ANY method of providing that 60 million Btus would heat your house! You could use the conventional fuels mentioned above, or a woodstove (and several cords of wood). We see solar heating as a realistic possibility. A Chicago winter usually involves around 100 pretty nasty days. And Chicago, in winter, is a really cloudy place, with only around 35% clear days. The chart shown here is for a small town near Chicago, where we can see that there are around 20% of days that are actually clear and another 20% which are partly cloudy, which results in the 35% overall clearness. That means around 35 nice and clear days to do serious collection of solar energy. (Most salespeople would incorrectly be using all 100 days, in a REALLY optimistic sales presentation!) We also provide the Version 1 house with a HUGE heat storage of around 10 million Btu, and at the start of the winter, that storage is full and available. So, we don't quite need to provide all 60 million, but around 50 million Btu collected in an entire winter would do the trick. With 35 available days of sun, that means we need to think in terms of collecting around 1.5 million Btus per sunny day.
Do you see where we are going? Now we know that TO PROVIDE 100% SOLAR HEATING for the WHOLE house for the WHOLE winter we need to capture 1.5 million Btu per sunny day. If we think in terms of five strong hours of sunshine, that means we need to collect around 300,000 Btu/hour of bright sunlight. As it happens, one square foot of surface gets around 340 Btu/hour of sunlight on a completely sunny winter day. This means we need around 900 square feet of collector surface to get the needed 300,000 Btu total per hour. This is a crude version of the mathematical derivation we do the Engineering on in determining the area of collection area. Our system actually has a number of other (proprietary) design features where we are actually able to capture about double that amount! In any case, we see here that IN ORDER TO PROVIDE ALL THE WINTER HEATING FOR THIS VERY LARGE HOUSE IN A TRULY NASTY CLIMATE, we need around 900 square feet of collection area. (The actual math is somewhat more elegant, but the point is essentially the same.) All of this logic is very straightforward and even obvious. Enough solar heat must be present, must then be collected, must then be stored, and must later be distributed as needed. Simple, really!

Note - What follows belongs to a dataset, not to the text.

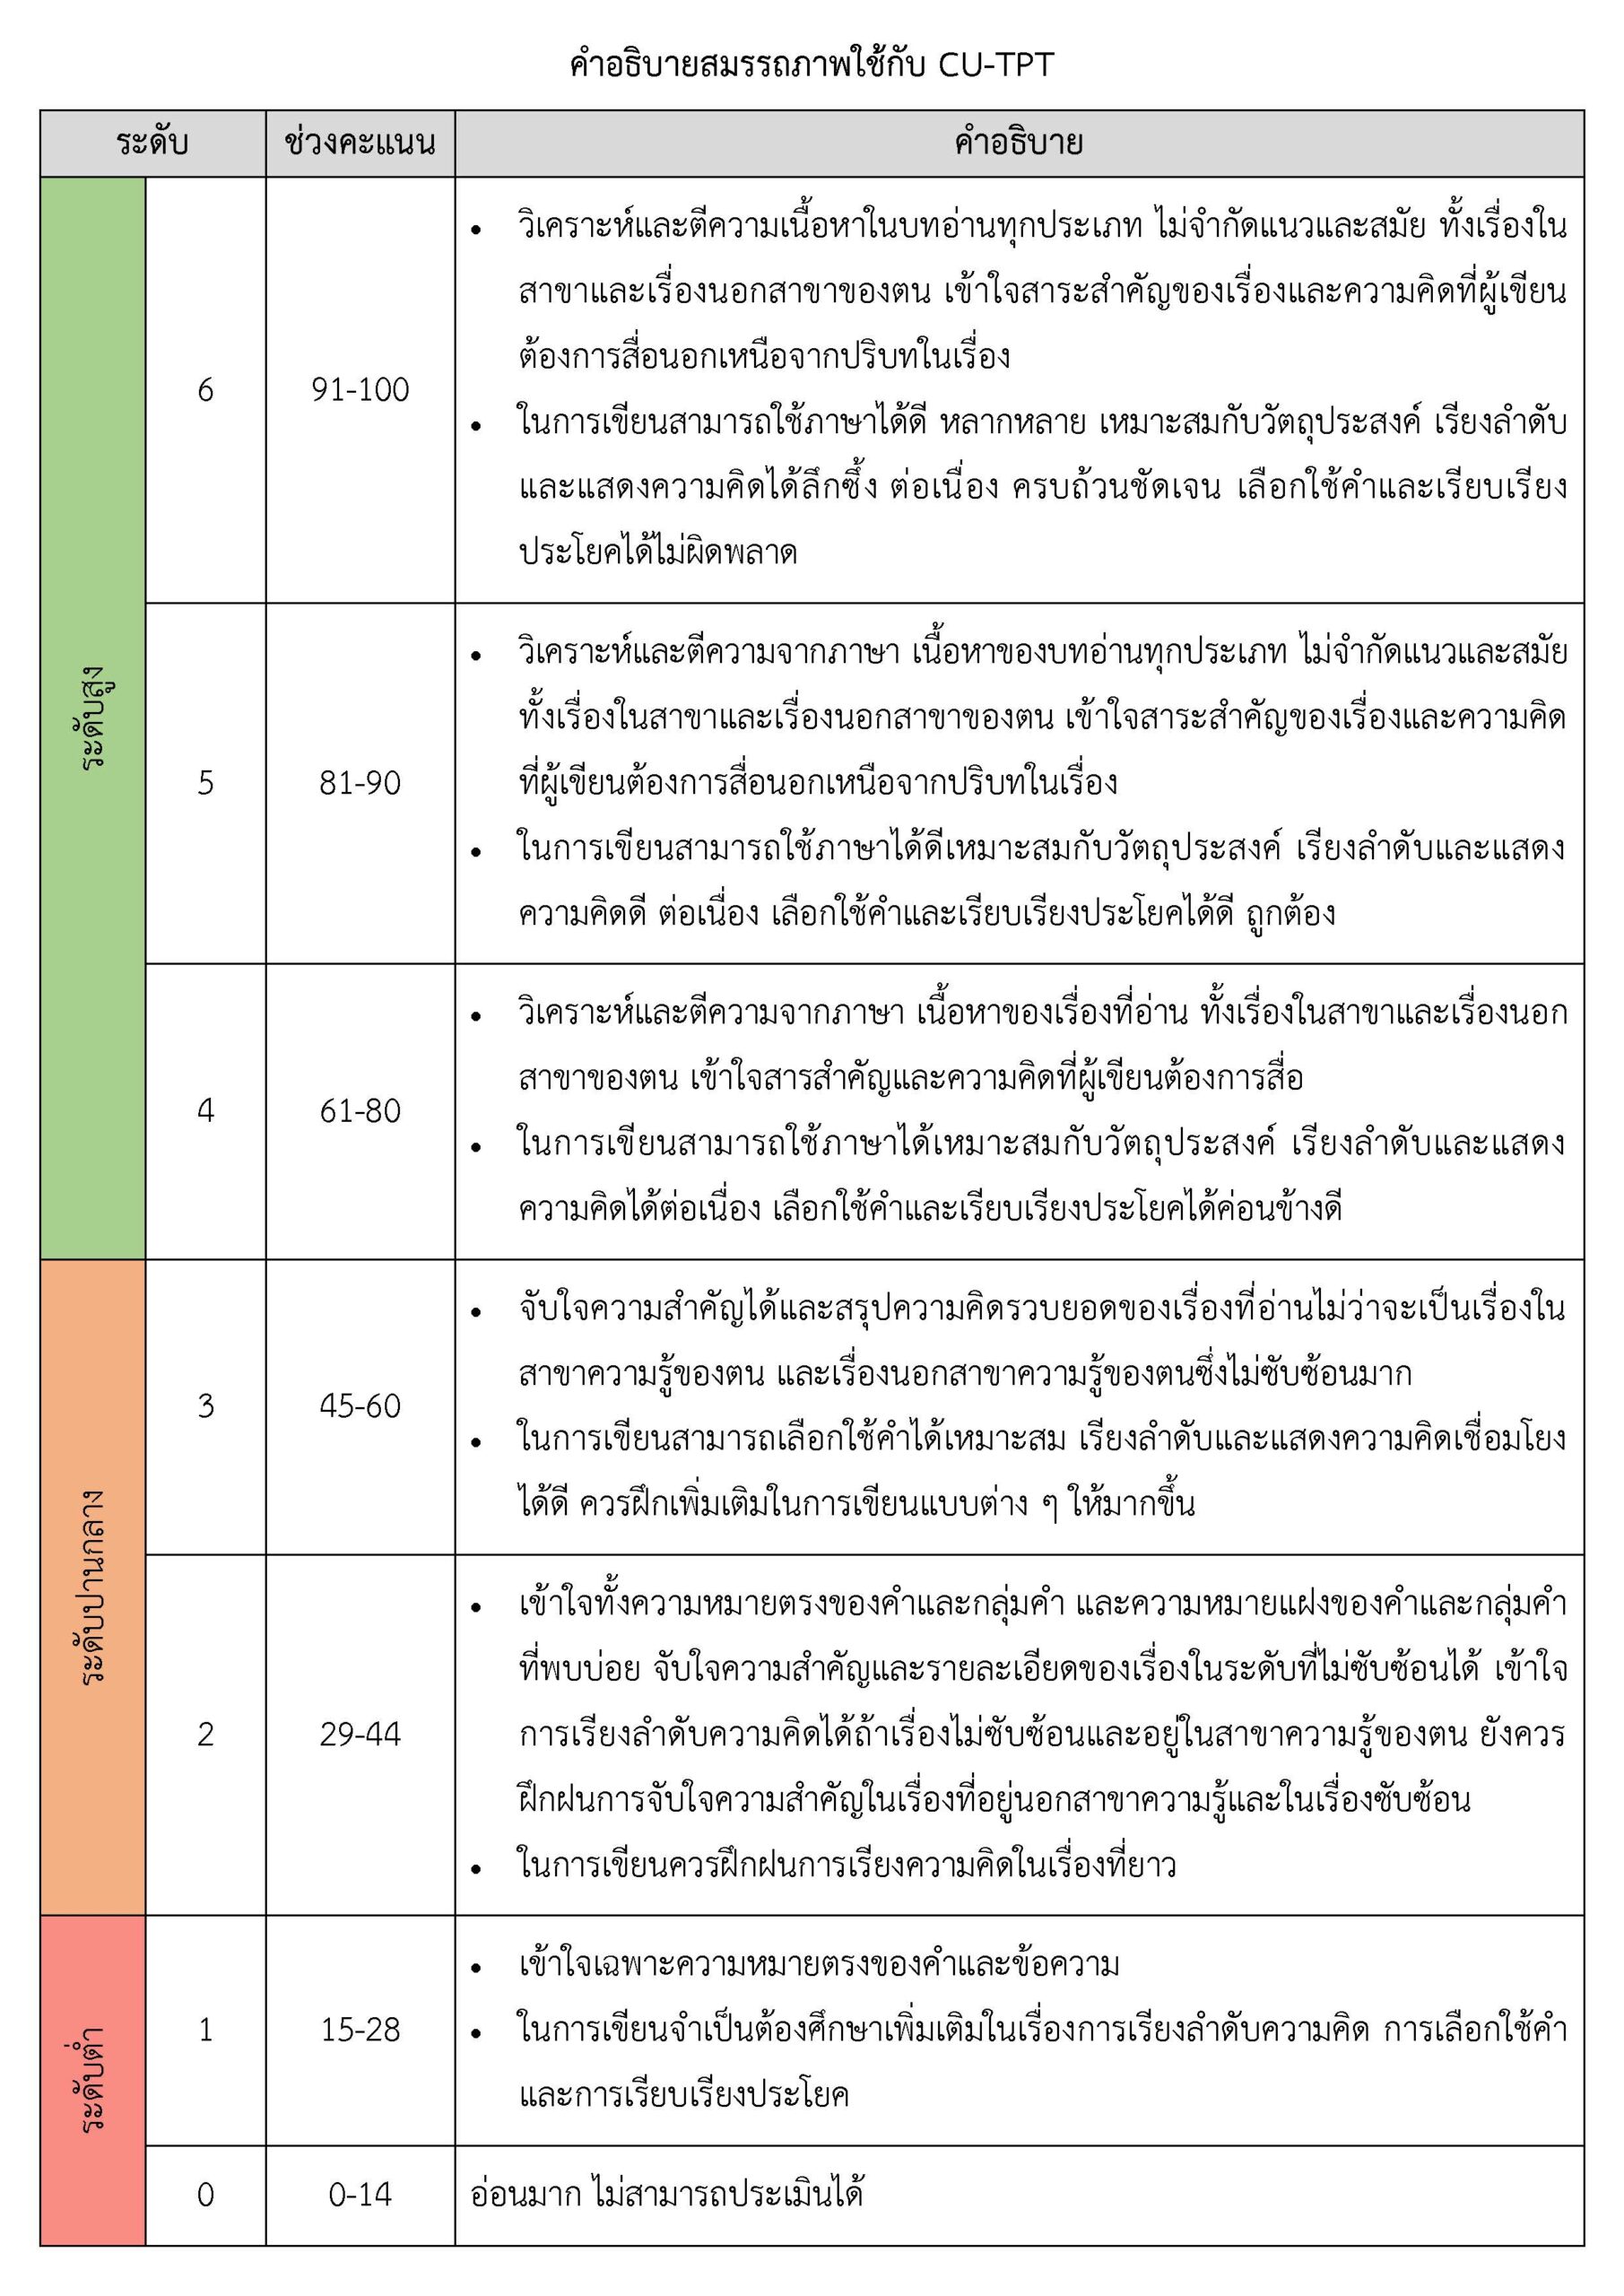 การทดสอบสมรรถภาพการใช้ภาษาไทยสำหรับบุคคลทั่วไป (Cu-Tpt) - สถาบันภาษาไทยสิรินธร  จุฬาลงกรณ์มหาวิทยาลัย

This should also make it clear why a few "bought panels" with a hundred total square feet of collection area has no chance whatever to seriously offer savings on heating bills. That's why no other company even dreams of their products fully heating any house. It doesn't matter if they would use special glass, or special collector configurations, or special insulation, unless they used many hundreds of square feet of collectors, no possible arrangement could entirely heat a house in a cold climate. ONLY the NorthWarm Version 1 design is EASILY able to completely provide all the SOLAR heat for even a very large house like this one!
The Version 1 house actually has a little lower heat loss than the 60 MBtu used above, mostly due to fairly common modern construction techniques, so the numbers are even a little better. The discussion above is meant to show that a solar heating concept is actually a realistic possibility for existing fairly normal homes, in addition to the specially built houses like the Version 1 house. (We arranged a variation on the Version 1, called the Version 2, for using much of this system for an existing house, and a link to a description of it is at the bottom of this page.)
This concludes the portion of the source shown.